Милик положил «Гассер Патент» в гнездо «этюдника», нелепо лежавшего на ковре — крышка покоилась на ворсе, а основание слегка задралось вверх. Крышку не перетянули и два револьвера, она осталась прижатой к ковру. Милик надавил на основание, чтобы «этюдник» лег правильно, но крышка вернула его в исходное положение. Для деревянной она показалась слишком тяжелой.
— Я наводчик темный, на глухаря не хожу, — сказал гребенской казачок, занятый подсчетом купюр. — Мундштук подержать даю, и все…
— Опять дурь несешь? Скажи по-русски.
— Меня вызывают, никого не убиваю, а мундштук — револьвер значит. Наган вот этот.
— Случалось — убивали?
— Ребята здешние про то знают. Мне не нужно. Да и тебе зачем? Пошел бы ты со своими расспросами… в Москву!
Кащей закрыл «этюдник», перекинул его кожаный ремень через плечо и отошел к двери подъемника. Код вызова оператора лифта от него не скрывали. Кабина пришла почти сразу.
Часы, которые не отобрали при обыске, показывали десять с небольшим. Заметно потеплело. Милик сбросил камуфляжную куртку, сложил вдвое и, постелив на кремнистую землю, уселся. Уткнулся лицом в колени. Не кормили со вчерашнего. Может быть, поэтому не удавалось задремать, даже пригревшись на солнышке.
Положение складывалось хуже губернаторского. Он чувствовал себя дерьмом, спущенным на Раменском аэродроме в некую канализационную систему без конца и начала во времени и пространстве. Напутствовавший его очкарик в кожаном реглане, все эти проводники, цинки с мечеными долларами, «чеченская рулетка», орава боевиков-идиотов, таинственная гора-муравейник, предстоящие гнусные розыски в Москве и даже самолет, который он видел в небе, представлялись дикими, совершенно чуждыми его заботам и интересам. Его вере, наконец. Да и не только его, наверное…

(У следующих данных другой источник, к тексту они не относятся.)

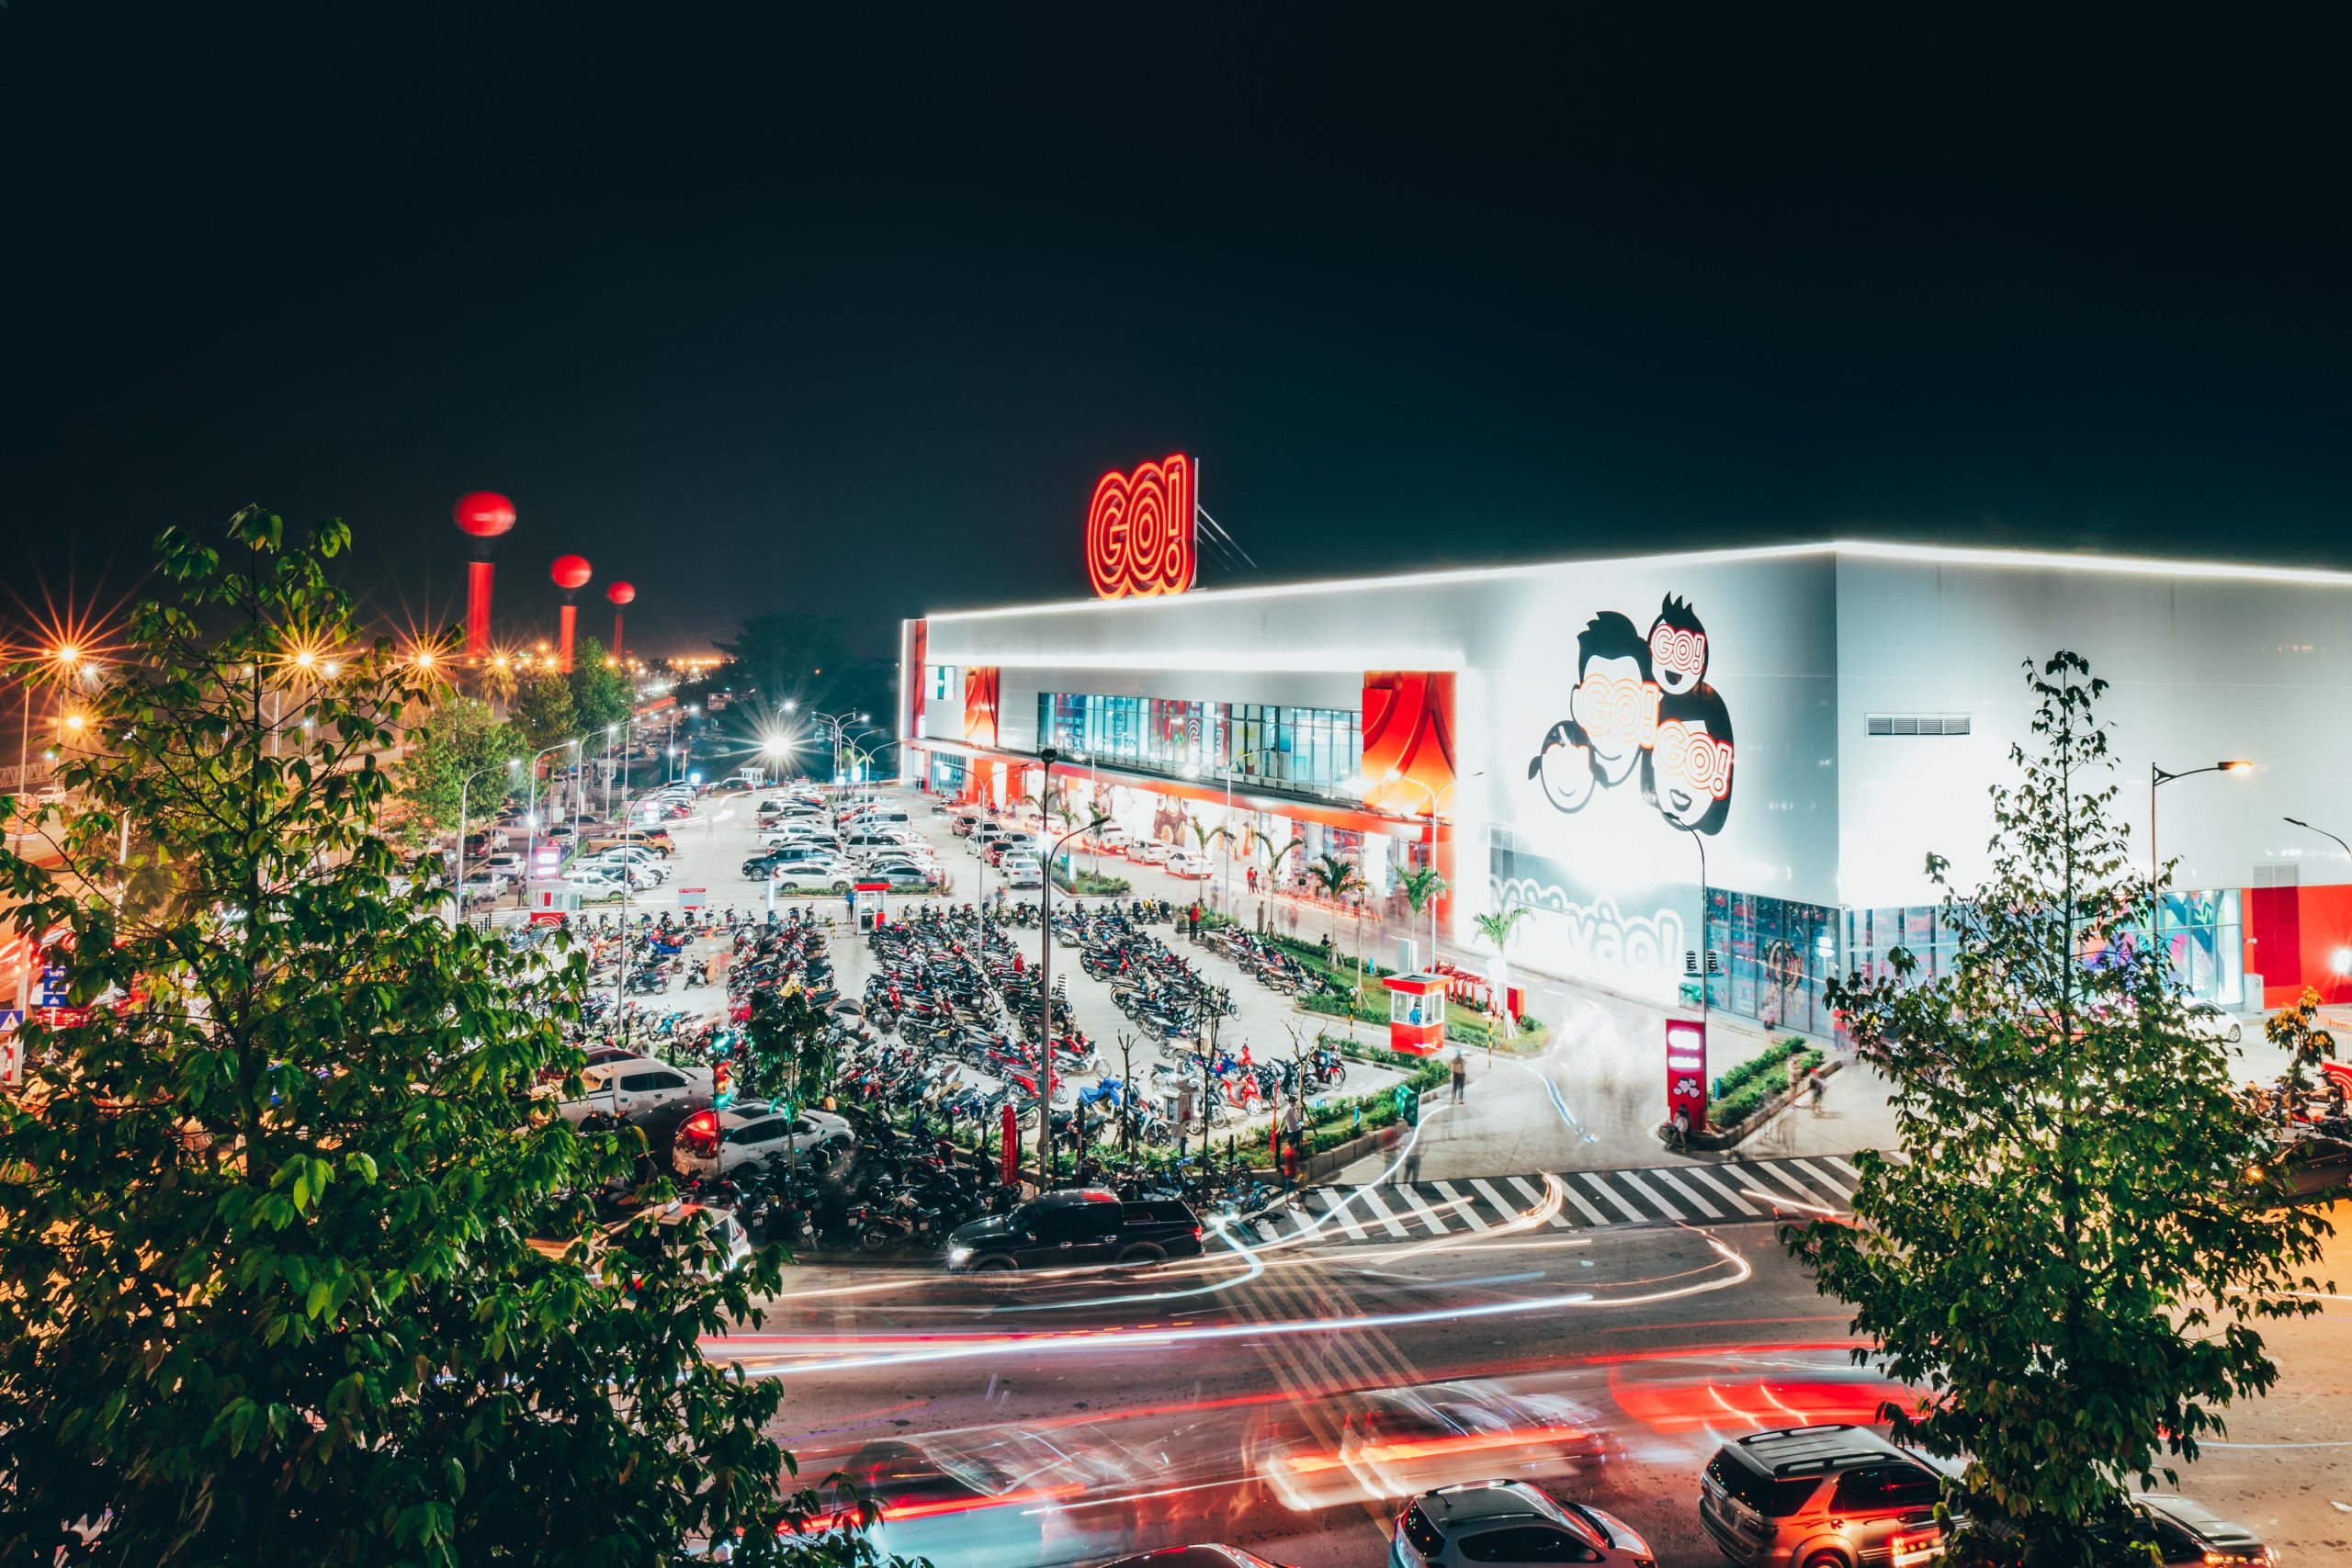 “GO! LAO CAI COMMERCIAL CENTER” – PROJECT INFORMATION

В казино «Чехов» на своей охранной должности он ещё мог считать себя подобием уборщика при общественном туалете — он убрал, ему заплатили, а остальное — по поговорке конторского служаки: ушел — забыл, пришел вспомнил. Всякий труд почетен.
Теперь же он превращался в живой придаток кавказского сортира. Он и испугаться-то не успел Тумгоева. Не боится и теперь. Бабки, только бабки… Жадность лишила права говорить про свой труд, что это — труд. Отныне и далее — понурое подчинение приказам предавать, выслеживать и доносить. Для начала за две тысячи зелеными. В банду, конечно, его не включат. Застрянет на подхватах. Как убогонькие. А впереди, когда завязнет поглубже, выше ноздрей, когда и кровью замажут, — рабство опущенного?
Аспирантура в институте, служба в казино «Чехов», московские знакомства и само будущее, на которое он рассчитывал после выпуска из Краснодарского высшего военного Краснознаменного ордена Октябрьской революции училища имени генерала армии Штеменко по подготовке офицеров специальной службы, казались теперь лишенными смысла. Его уже мяло и ломало между частями и колесиками какой-то большой машины, которая крутилась усилиями тысяч людей, перетягивающих друг у друга с переменным успехом деньги и власть… Все оказались при блате. Он-то думал, что выживет в одиночку, без блата. И вот — подобрал себе наилучший.
Чем он отличается от Кащея?
Гребенской казачок даже ловчее. Как он сказал про себя: наводчик темный? А он — соучастник полный.
Решение одно: набрать побольше воздуха в легкие и плыть в дерьме до развязки. Будь что будет. Отмолит и этот грех.
Видимо, следовало не расслабляться и сосредоточиться на текучке. Определенно, его ждет допрос по всей форме. Бешир Тумгоев — оперативник, не дознаватель. Аллах засвидетельствовал: подозреваемые в предательстве Тумгоев и «Добролюбов» — оправданы. Аллах акбар, как говорится! Но предательство-то и после этого, прости Господи, суда существовать не перестало. Спектакль устраивался на потребу кретинам вроде Шепы Исмаилова. Предатель продолжает работу…
Смысл, который очкарик вкладывал в слова «овеществленная правда», говоря о долларовых купюрах, оказавшихся мечеными, стал предельно ясен.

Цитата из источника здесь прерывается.